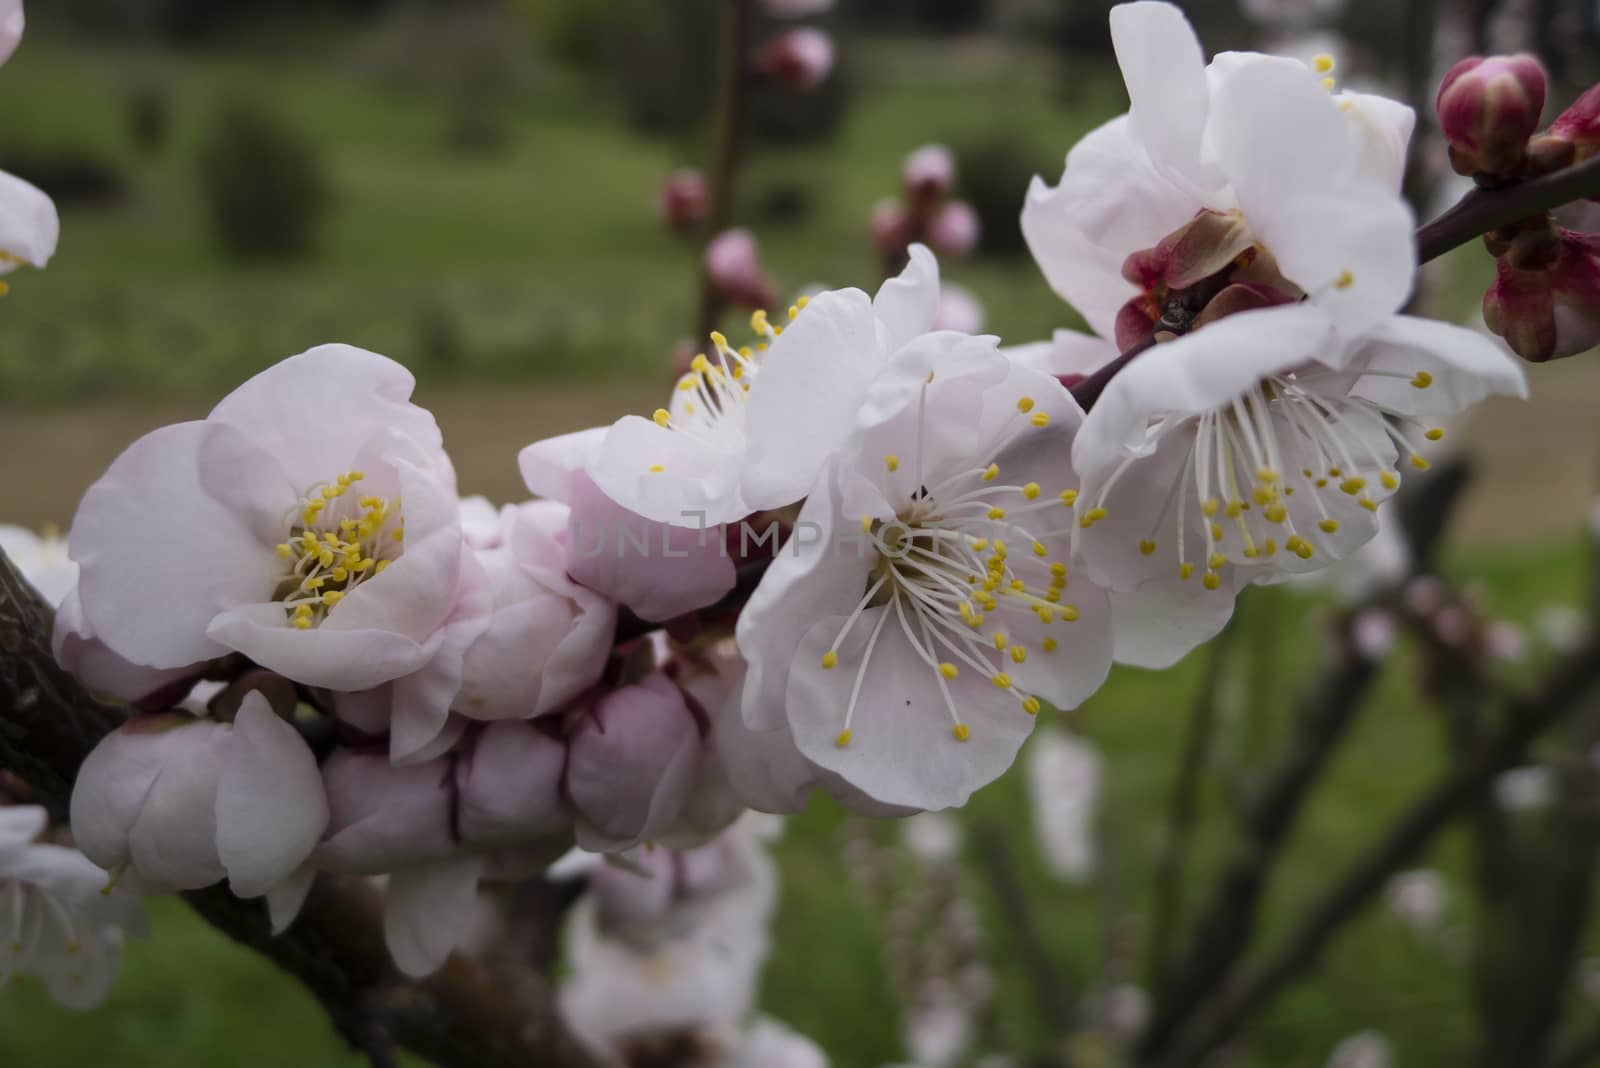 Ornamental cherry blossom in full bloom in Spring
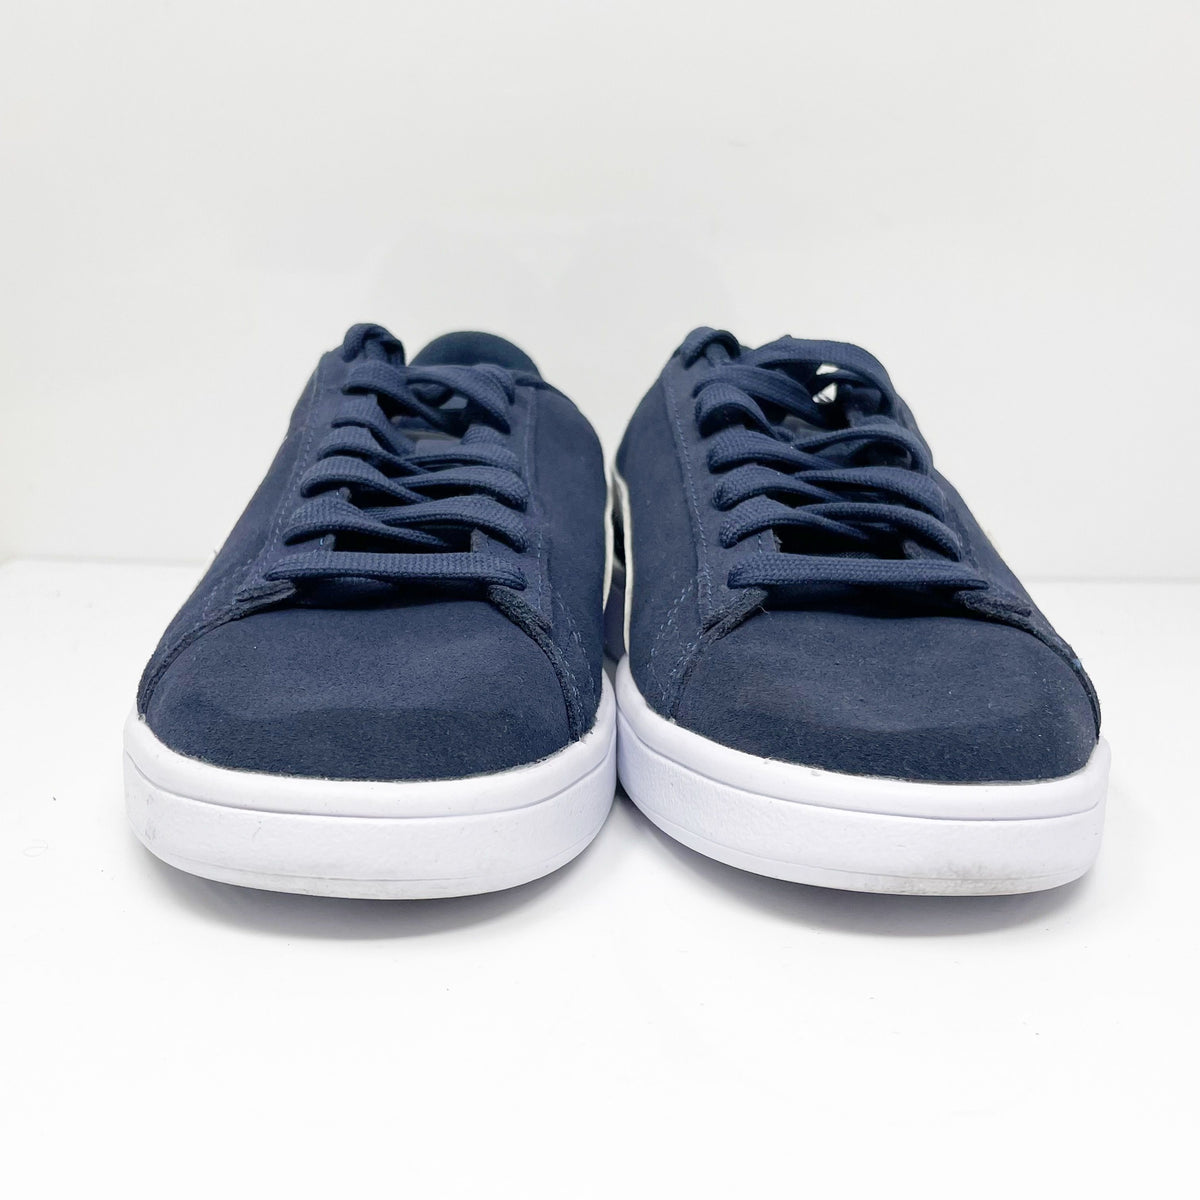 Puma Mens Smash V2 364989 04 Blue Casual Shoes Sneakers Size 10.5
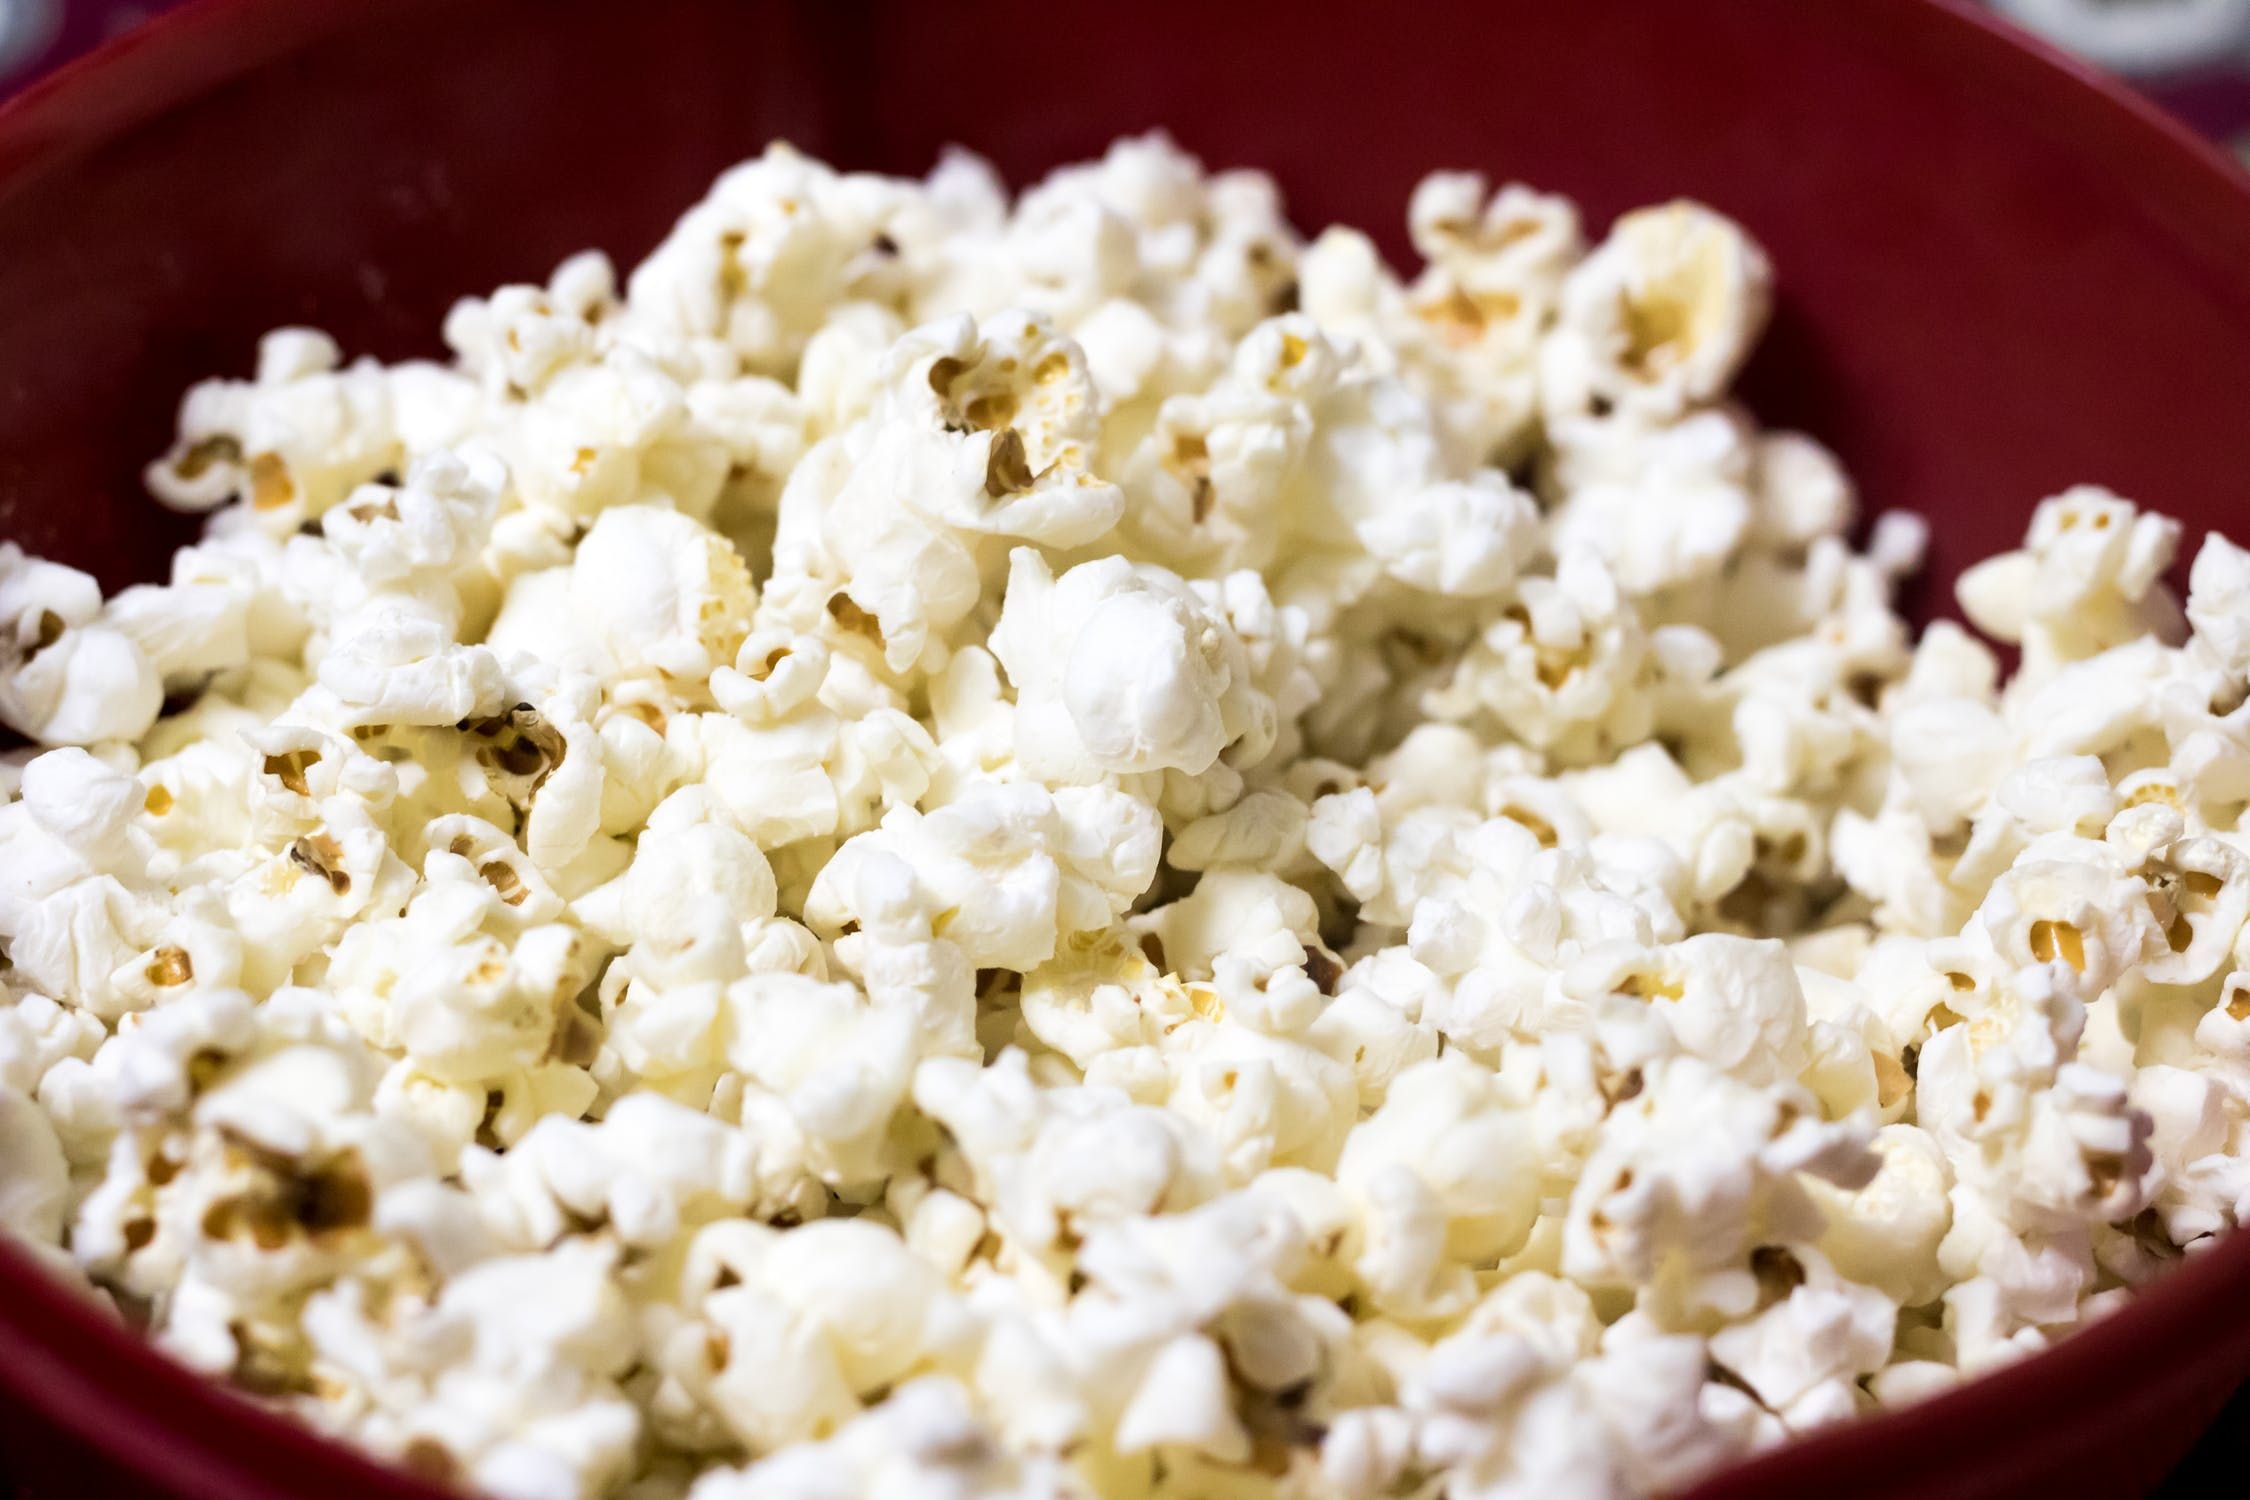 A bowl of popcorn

AIM OF THE TASK:
Omit the pictures, then copy out all the data exactly as it stands.

RESULT BELOW:
 Ornamental cherry blossom in full bloom in Spring
 Puma Mens Smash V2 364989 04 Blue Casual Shoes Sneakers Size 10.5
 A bowl of popcorn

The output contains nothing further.